**TASK TO COMPLETE**
Pull out every line in the data that has the string "Shirt" in it.

---- DATA

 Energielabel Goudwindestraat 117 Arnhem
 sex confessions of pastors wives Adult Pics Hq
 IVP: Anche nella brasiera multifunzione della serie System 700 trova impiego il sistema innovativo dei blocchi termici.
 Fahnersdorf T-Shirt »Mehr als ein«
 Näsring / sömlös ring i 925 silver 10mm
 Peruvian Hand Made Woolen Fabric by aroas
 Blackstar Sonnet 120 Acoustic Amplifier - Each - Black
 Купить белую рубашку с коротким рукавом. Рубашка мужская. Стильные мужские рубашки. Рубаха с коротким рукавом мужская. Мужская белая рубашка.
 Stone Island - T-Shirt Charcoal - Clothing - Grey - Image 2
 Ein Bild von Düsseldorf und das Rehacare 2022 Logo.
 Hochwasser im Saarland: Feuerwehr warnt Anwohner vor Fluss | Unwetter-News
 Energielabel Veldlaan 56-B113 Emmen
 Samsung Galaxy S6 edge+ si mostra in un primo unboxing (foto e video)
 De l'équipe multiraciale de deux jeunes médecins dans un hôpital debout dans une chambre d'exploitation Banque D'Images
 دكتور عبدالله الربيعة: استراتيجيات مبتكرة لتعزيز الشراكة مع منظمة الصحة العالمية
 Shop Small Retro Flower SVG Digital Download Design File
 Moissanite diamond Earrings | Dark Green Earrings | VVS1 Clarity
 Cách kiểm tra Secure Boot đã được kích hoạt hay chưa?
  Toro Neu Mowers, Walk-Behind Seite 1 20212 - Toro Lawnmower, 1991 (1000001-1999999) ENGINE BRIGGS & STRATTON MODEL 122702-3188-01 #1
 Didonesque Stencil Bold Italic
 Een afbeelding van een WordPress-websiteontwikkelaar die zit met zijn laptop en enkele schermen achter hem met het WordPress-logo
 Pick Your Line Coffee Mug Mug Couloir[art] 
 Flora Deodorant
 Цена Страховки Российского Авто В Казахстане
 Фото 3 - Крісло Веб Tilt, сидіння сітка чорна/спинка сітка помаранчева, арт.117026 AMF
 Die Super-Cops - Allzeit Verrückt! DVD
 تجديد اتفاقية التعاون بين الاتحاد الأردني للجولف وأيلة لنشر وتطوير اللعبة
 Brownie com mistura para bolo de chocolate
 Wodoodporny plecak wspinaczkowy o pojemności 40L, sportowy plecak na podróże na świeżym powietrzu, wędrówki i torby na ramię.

--------

**EXERCISE RESPONSE**
 Fahnersdorf T-Shirt »Mehr als ein«
 Stone Island - T-Shirt Charcoal - Clothing - Grey - Image 2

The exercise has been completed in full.